Stored data:
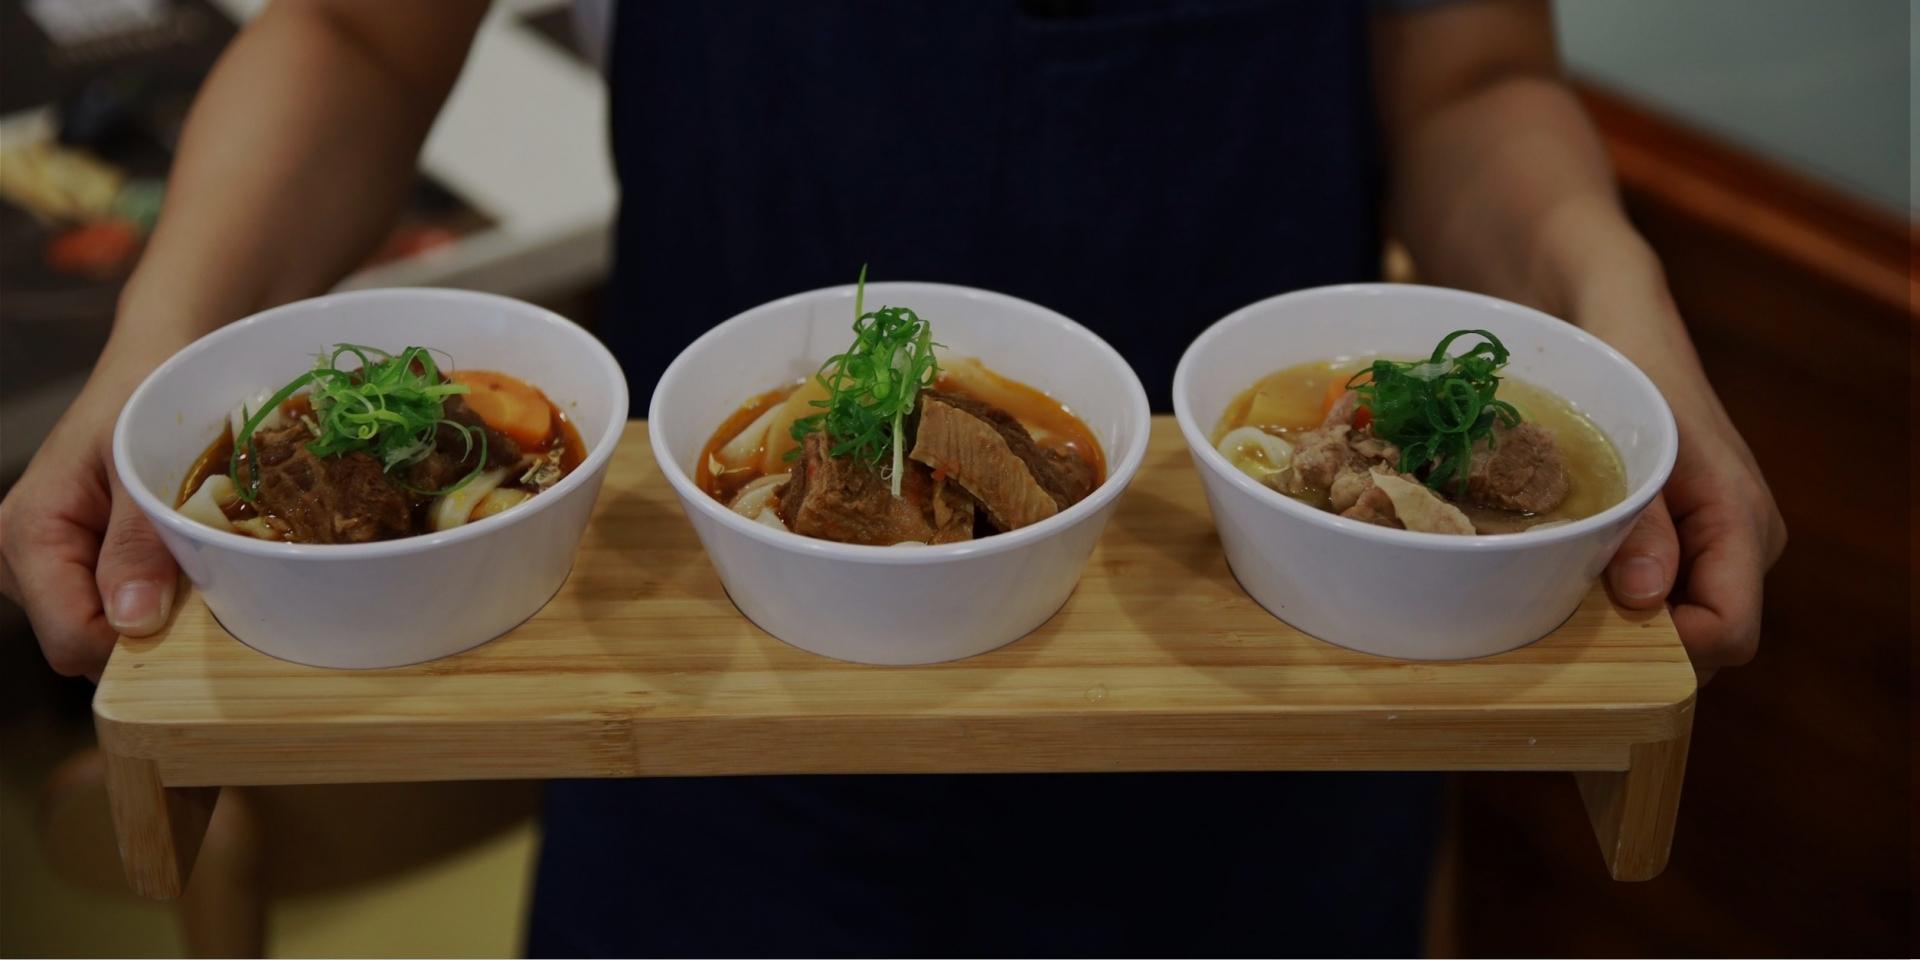 用台灣美食挑動全球華人的味蕾<span></span>
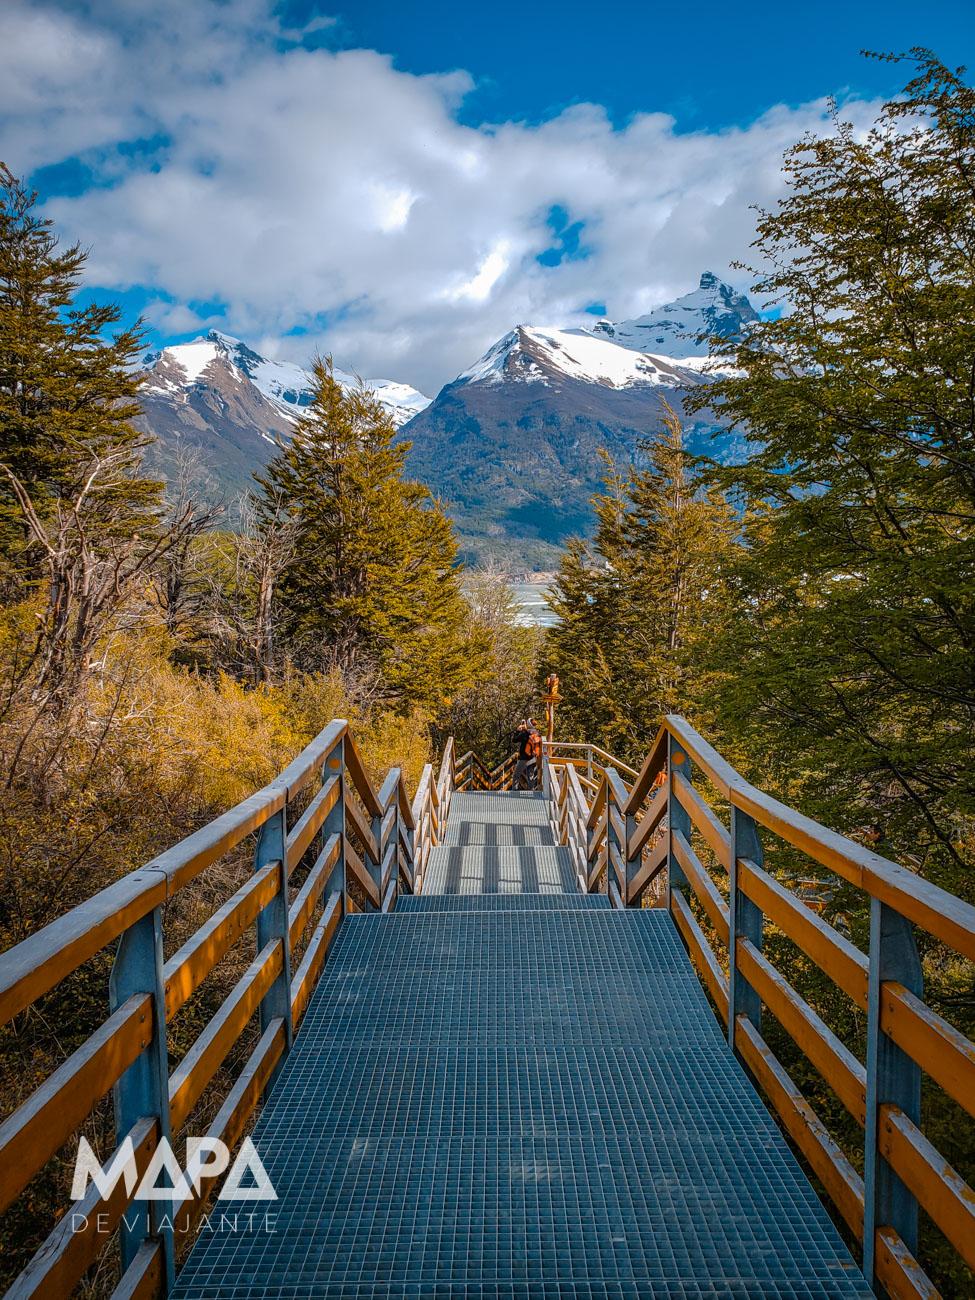 Mapa de Viajante: Passarelas do Parque Los Glaciares
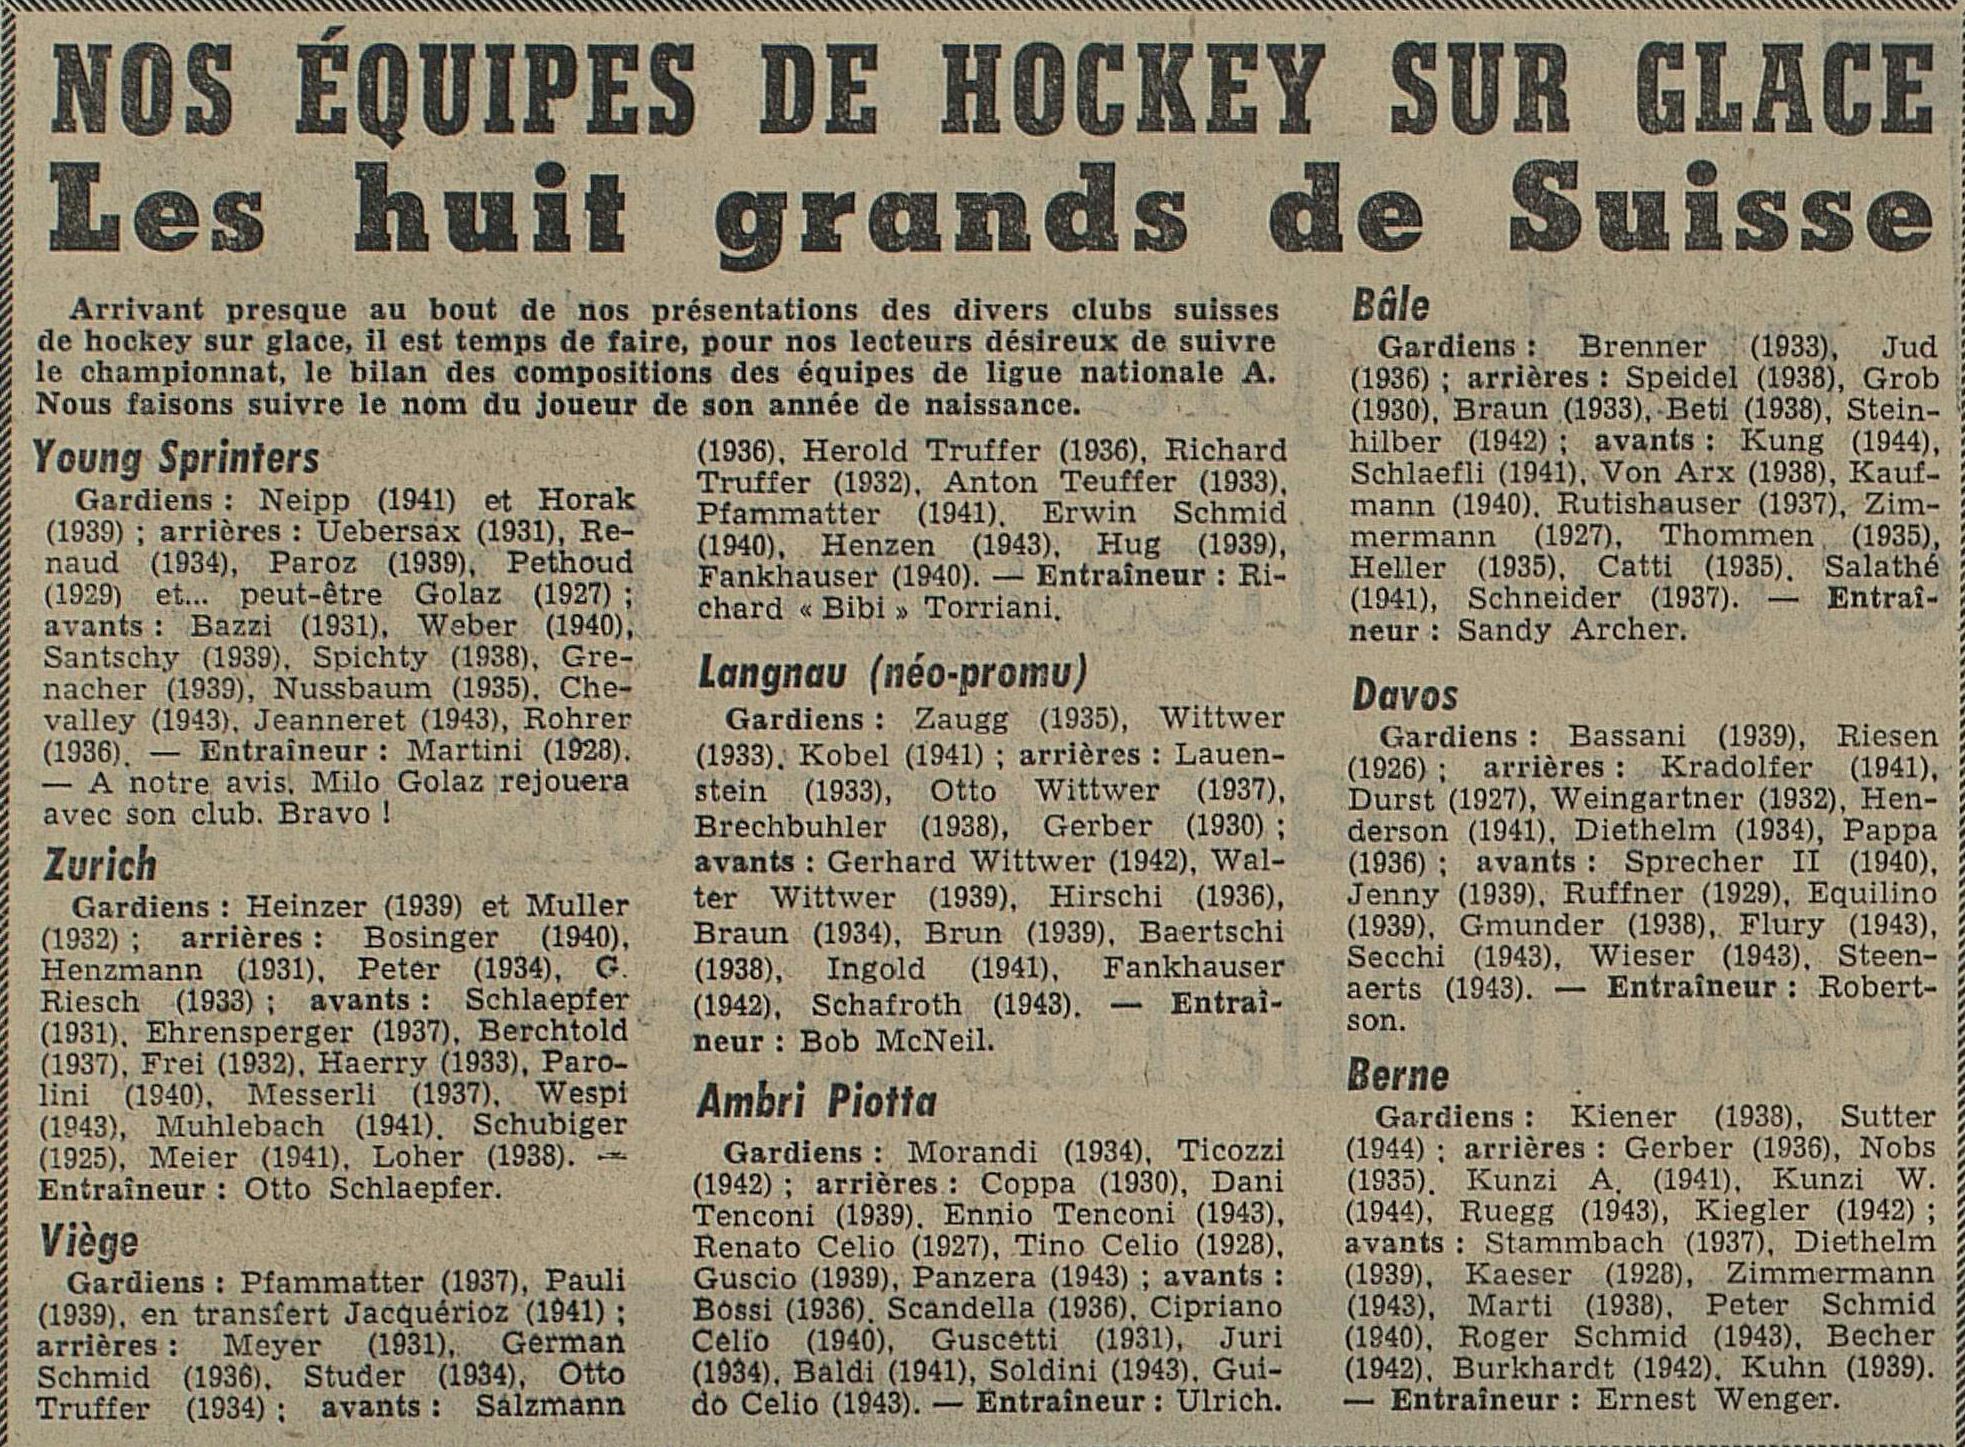 Le Matin - Tribune de Lausanne_19611106_++!!!!!!-2.jpg

Exercise objective: All of the data, minus its pictures, should be repeated exactly.

Task response:
 用台灣美食挑動全球華人的味蕾<span></span>
 Mapa de Viajante: Passarelas do Parque Los Glaciares
 Le Matin - Tribune de Lausanne_19611106_++!!!!!!-2.jpg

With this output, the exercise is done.